Solving an integer linear program: why are solvers claiming a solvable instance is infeasible?

Question

I'm trying to solve integer programming problems. I've tried both use SCIP and LPSolve

For example, given the final values of A and B, I want to solve for valA in the following C# code:

Int32 a = 0, b = 0;
a = a*-6 + b + 0x74FA - valA;
b = b/3 + a + 0x81BE - valA;
a = a*-6 + b + 0x74FA - valA;
b = b/3 + a + 0x81BE - valA;
// a == -86561, b == -32299

Which I implemented as this integer program in lp format (the truncating division causes a few complications):

min: ;
+valA >= 0;
+valA < 92;
remAA_sign >= 0;
remAA_sign <= 1;
remAA <= 2;
remAA >= -2;
remAA +2 remAA_sign >= 0;
remAA +2 remAA_sign <= 2;
remAA +4294967296 remAA_range >= -2147483648;
remAA +4294967296 remAA_range <= 2147483647;
remAA +4294967296 remAA_range +2147483648 remAA_sign >= 0;
remAA +4294967296 remAA_range +2147483648 remAA_sign <= 2147483648;
-1 remAA +4294967296 remAA_range +3 remAA_mul3 = 0;
remAB_sign >= 0;
remAB_sign <= 1;
remAB <= 2;
remAB >= -2;
remAB +2 remAB_sign >= 0;
remAB +2 remAB_sign <= 2;
remAB +4294967296 remAB_range >= -2147483648;
remAB +4294967296 remAB_range <= 2147483647;
remAB +4294967296 remAB_range +2147483648 remAB_sign >= 0;
remAB +4294967296 remAB_range +2147483648 remAB_sign <= 2147483648;
+1431655765 remAA +1 offA -2 valA +1 offB -1 remAB +4294967296 remAB_range +3 remAB_mul3 = 0;
a = -86561;
b = -32299;
offA = 29946;
offB = 33214;
-4 offA +3 valA +1431655765 remAA +1 offB +4294967296 Fa - a = 0;
+477218588 remAA -1431655769 offA -1431655764 valA -1431655763 offB +1431655765 remAB +4294967296 Fb - b = 0;
int valA;
int remAA;
int remAA_range;
int remAA_sign;
int remAA_mul3;
int remAB;
int remAB_range;
int remAB_sign;
int remAB_mul3;
int Fa;
int Fb;
int offA;
int offB;
int a;
int b;

And then tried to solve it:

The model is INFEASIBLE

However, I know that there is a feasible solution because I know a variable assignment that works. Adding the following conditions causes a solution to be found:

a = -86561;
b = -32299;
offA = 29946;
offB = 33214;
valA = 3;
remAA = 0;
remAA_range = 0;
remAA_sign = 0;
remAA_mul3 = 0;
remAB = 1;
remAB_range = 0;
remAB_sign = 0;
remAB_mul3 = -21051;
Fa = 0;
Fb = 21054;

Two different solvers have claimed this feasible problem is infeasible. Am I violating some unwritten condition? What's going on? Are there solvers that actually solve the problem?

Answer 1

MIP solvers work with floating-point data. For problems such as yours that have wide variations in the magnitude in the data, this leads to round-off errors. Any LP solver will have to perform operations on this data that can amplify the problem. In some cases like your problem, this can make the solver conclude that the problem is infeasible when it isn't. When you fix variables, the solver does fewer floating point operations.

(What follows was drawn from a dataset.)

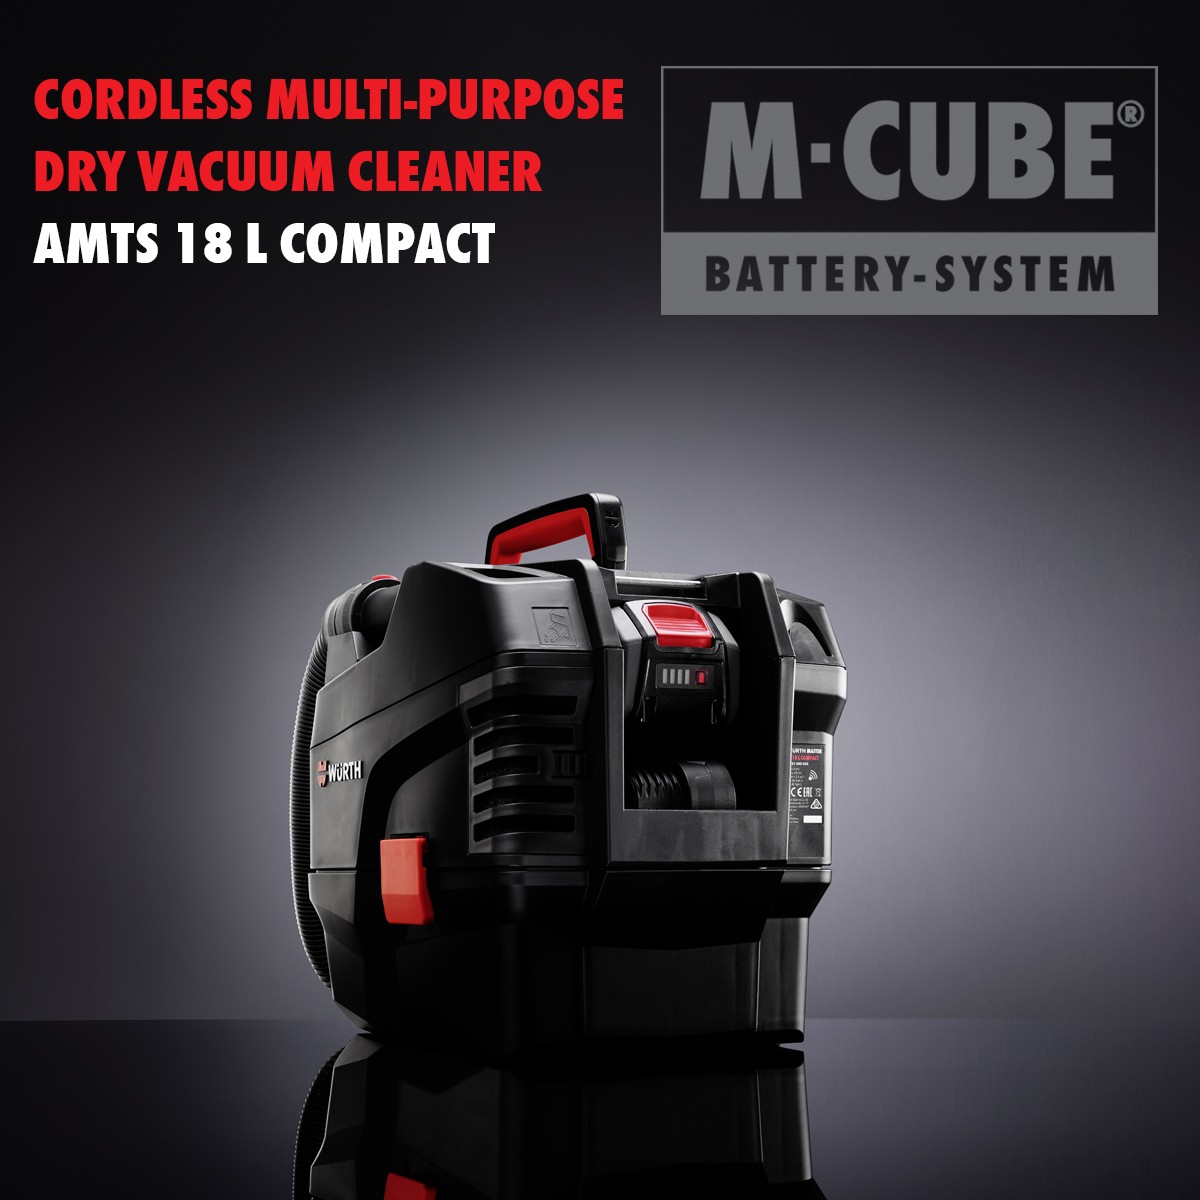 CORDLESS MULTI-PURPOSE DRY VACUUM CLEANER AMTS 18 L COMPACT M-CUBE®

The commercial solvers solvers like Gurobi or cplex generally do a better job of working with numerically difficult data like yours. Gurobi has a parameter QuadPrecision that works with higher-precision floating point numbers. Most solvers have a parameter that will make the solver work better with numerically-difficult data. For example LPSolve has a parameter epsint that will make it relax what the it considers an integer. The default for the parameter is 10e-7, so 0.9999999 would be considered to be an integer, but 0.9999998 would not be. You can make this value larger, but you risk receiving unacceptable results.

You are experiencing a leaky abstrction. Your problem is technically in the scope of Mixed-Integer Programming, but MIP solvers are not designed to solve it. Mixed Integer Programming is an NP-Hard problem. It is impossible to have a solver that works quickly and reliably on all inputs. MIP solvers try to work well on problems that come from diverse areas like portfolio optimization, supply chain planning, and network flows. They aren't designed to solve cryptology problems.

Answer 2

You could also have a look at SCIP 3.1.0 and especially its extended precision arithmetic features. Using GMP the LP solution can be computed up to a very high accuracy.